China-linked threat actor APT10 was observed launching a large-scale campaign against Japanese organizations and their subsidiaries.
Also referred to as Cicada, Stone Panda, and Cloud Hopper, APT10 is known for launching espionage campaigns for over a decade, including attacks aimed at managed service providers (MSPs) and Japan-linked organizations.
As part of the newly observed campaign, the hacking group has been using a combination of living-off-the-land tools and custom malware, including Backdoor.Hartip, which appears to be a new addition to its arsenal.
During the attacks, the adversary managed to compromise domain controllers and file servers, and the security researchers discovered evidence that data was exfiltrated from some of the infected systems, Symantec, a division of Broadcom, reports.
One of the main characteristics of this attack was the extensive use of DLL side-loading, with recent incidents showing the adoption of an exploit for the Zerologon vulnerability that Microsoft patched in August.
The attacks likely started in mid-October 2019 and continued at least up to the beginning of October 2020. In some cases, the attackers managed to maintain a foothold in the compromised networks for nearly one year.
Victims were mainly large, well-known organizations, many of them headquartered in Japan or with links to Japan. The attacks mainly focused on South and East Asia, with one victim being a Chinese subsidiary of a Japanese organization, an atypical target for a state-sponsored Chinese group.
Targeted sectors include automotive (including suppliers of parts for the motor industry), clothing, conglomerates, engineering, electronics, government, general trading, industrial products, manufacturing, MSPs, pharmaceutical, and professional services.
Although the attackers spent a significant amount of time in the networks of some victims, they left after days from other networks.

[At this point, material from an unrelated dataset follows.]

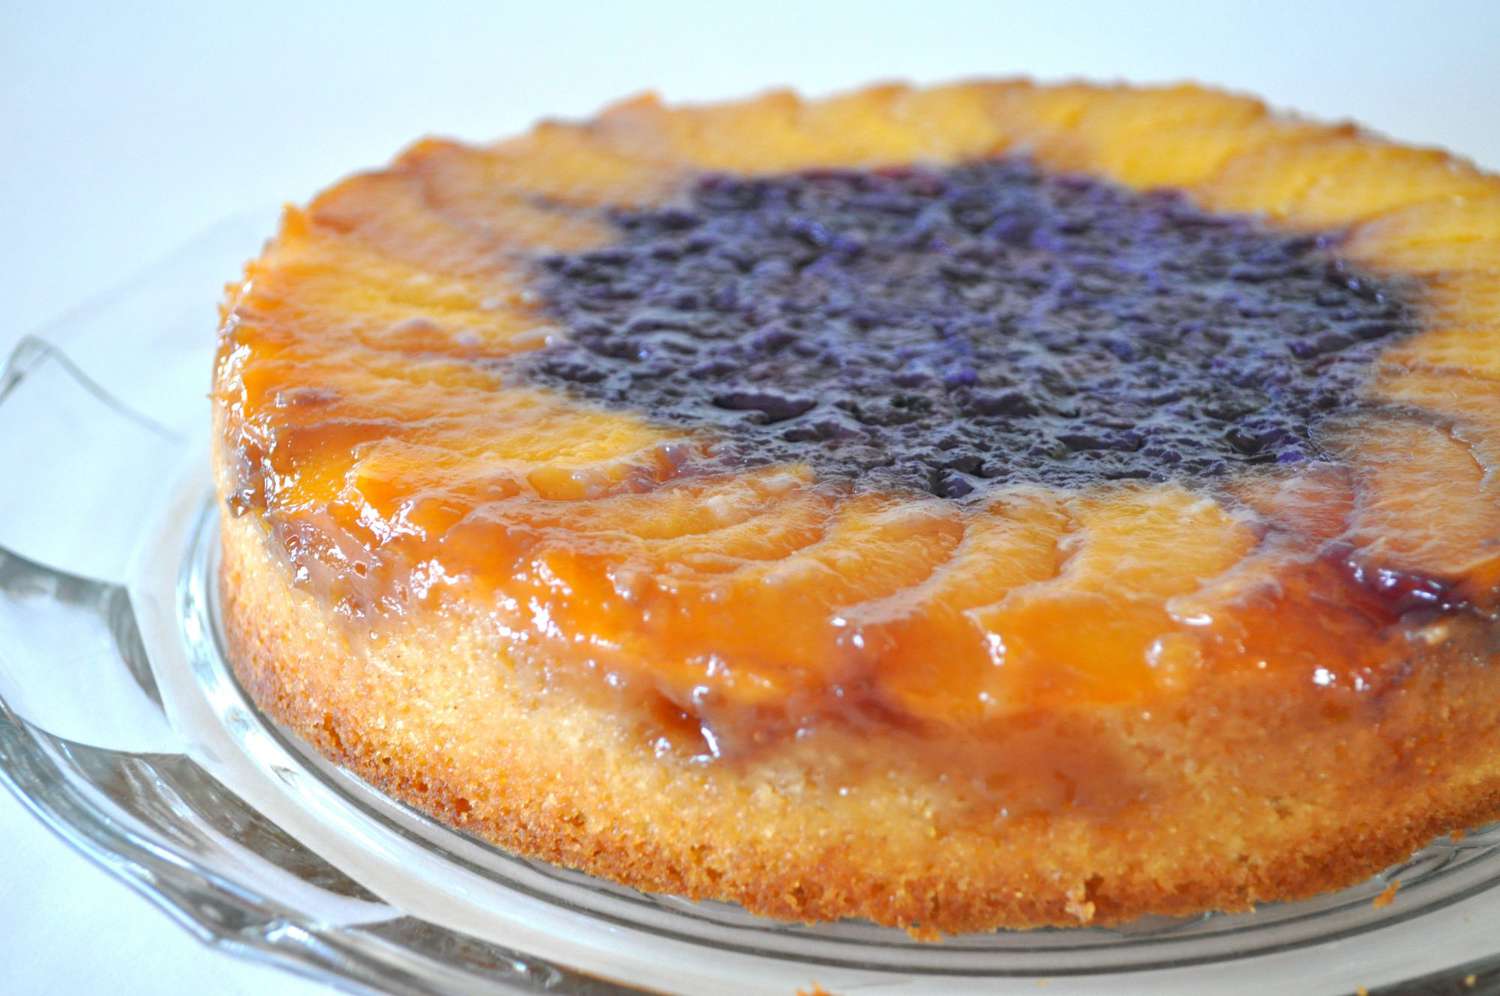 Sliced peaches around the outside, with blueberries in the center, this cake looks like a giant sunflower

In some cases, the attackers ceased the activity on a network after a short period of time, but returned months later.
As part of the attacks, the hackers used living-off-the-land, dual-use, and publicly available tools and techniques for network reconnaissance, credential theft, file archiving, and more, including Certutil, Adfind, Csvde, Ntdsutil, WMIExec, and PowerShell.
“The scale and sophistication of this attack campaign indicate that it is the work of a large and well-resourced group, such as a nation-state actor, with Symantec discovering enough evidence to attribute it with medium confidence to Cicada,” Symantec notes.
In a separate report published this week, KELA threat intelligence analyst Victoria Kivilevich explained that data belonging to Japanese corporations (government and educational entities included), is being traded on the Dark Web. Such data includes stolen credentials that provide adversaries with initial access to internal networks. Over 100 million exposed Japanese emails were identified.
Between June and October 2020, KELA observed 11 attacks on Japanese organizations, all carrying ransomware, with manufacturing, construction, and government sectors being affected. While the compromise vector is not certain in all cases, the CVE-2019-11510 Pulse Secure flaw was targeted in at least one incident.
“Among the most prominent threats on the darknet, KELA observed leaks and sales of Japanese entities’ data. While many offers are related to regular users, some actors are specifically looking for corporate data of Japanese organizations,” KELA notes.